Products tested and certified in the United States to American standards are likely to have to be retested and re-certified to EU requirements as a result of the EU’s different approach to the protection of the health and safety of consumers and the environment. Where products are not regulated by specific EU technical legislation, they are always subject to the EU’s General Product Safety Directive as well as to possible additional national requirements.
European Union standards created under the New Approach are harmonized across the 27 EU Member States and European Economic Area countries to allow for the free flow of goods. A feature of the New Approach is CE marking. While harmonization of EU legislation can facilitate access to the EU Single Market, manufacturers should be aware that regulations and technical standards might also function as barriers to trade if U.S. standards are different from those of the European Union.
Most manufacturers believe the EU’s attempt to harmonize the various product safety requirements and related standards for industrial products of its member states has generally helped open member state markets. It did not, however, get entirely rid of voluntary national requirements, a fact which complicates the issue. Theoretically, during a transition period, national requirements must be met. (After the transition period, the EU "CE" mark supersedes all other compliance certificates, provided the products in question are covered by an EU directive.) The EU's efforts to harmonize standards through the "New Approach" certification-facilitating directives (and separately developed European standards) are incomplete as far as sectors covered. In some cases, U.S. firms (for example, in the automotive or pharmaceutical sectors) will have to worry about complying with the specific requirements of all applicable "Old Approach" product-specific EU technical legislation.

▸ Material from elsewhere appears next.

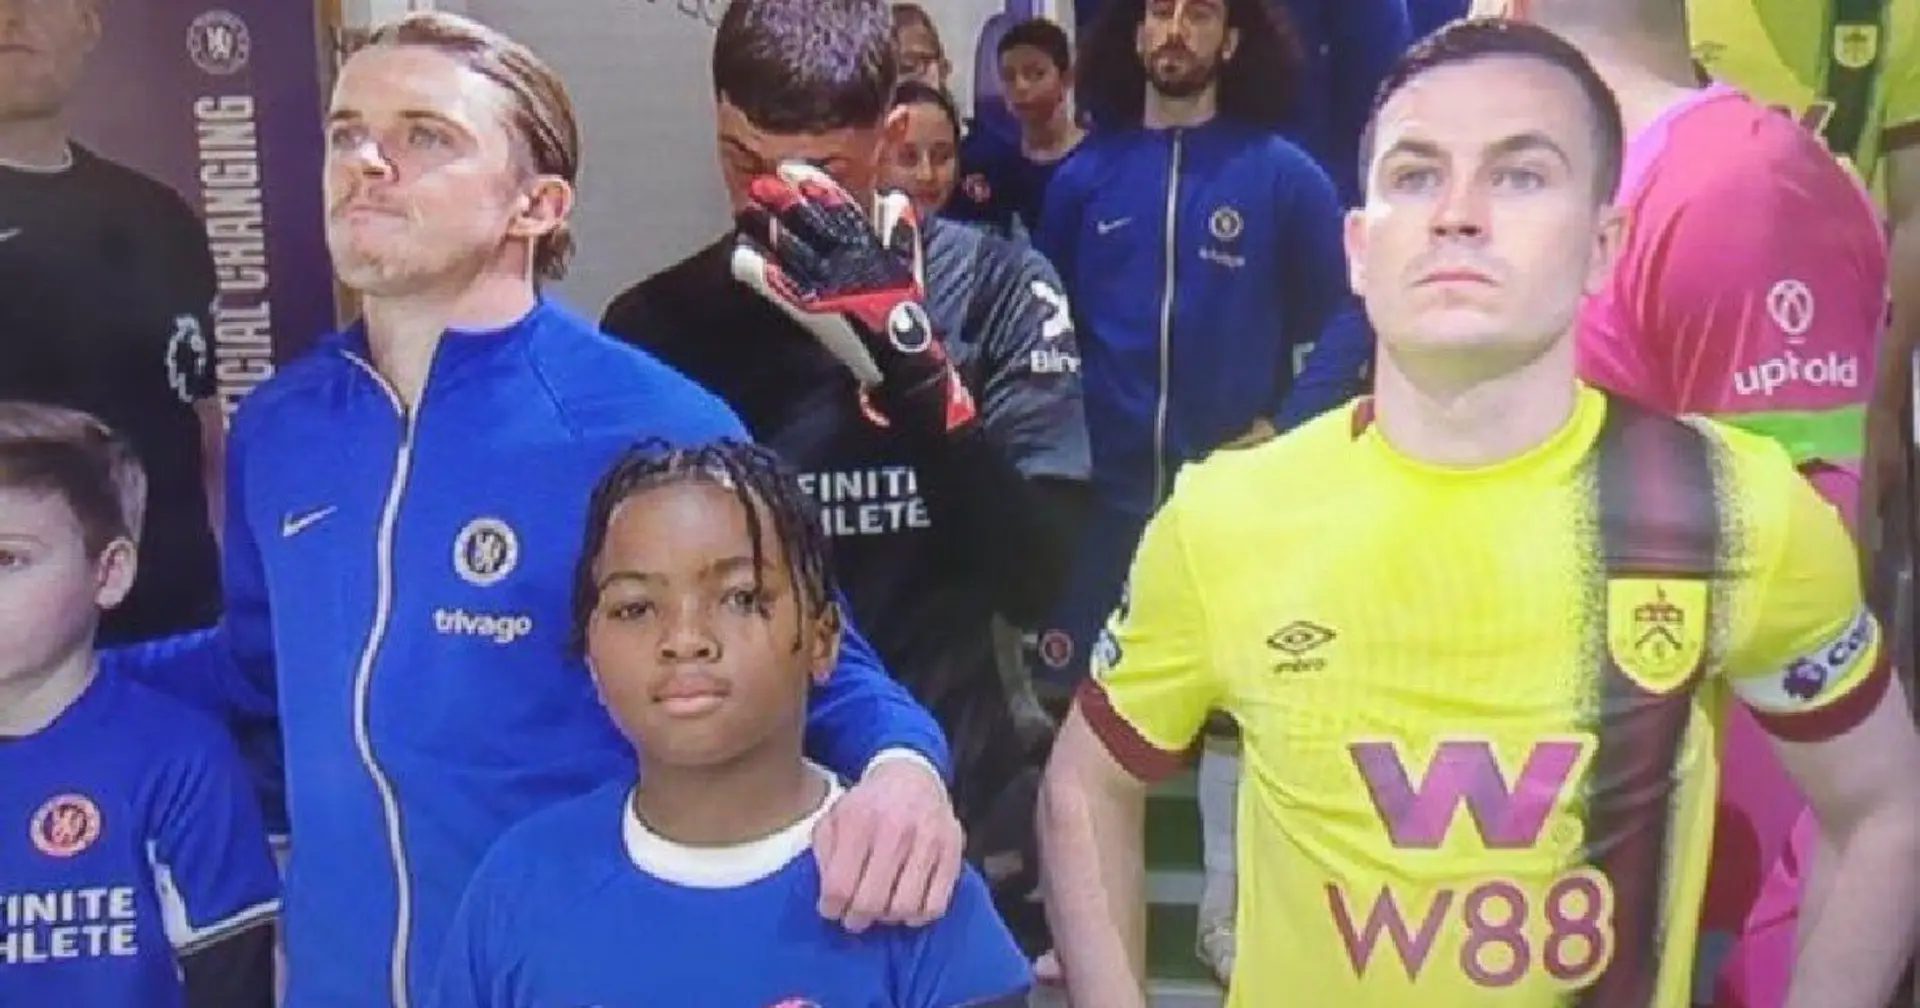 Chelsea star Conor Gallagher with the mascot in the tunnel ahead of kickoff against Burnley.

This is doubly important because, to the extent EU-wide standards are developed, there is a high probability that the existing German standard will form the basis for the eventual European standard. In many cases, Germany will also be the first member country to implement EU-wide standards. The implementation of electromagnetic compatibility standards (EMC), despite a five-year phase-in period, surprised many affected companies - not only foreign, but also German.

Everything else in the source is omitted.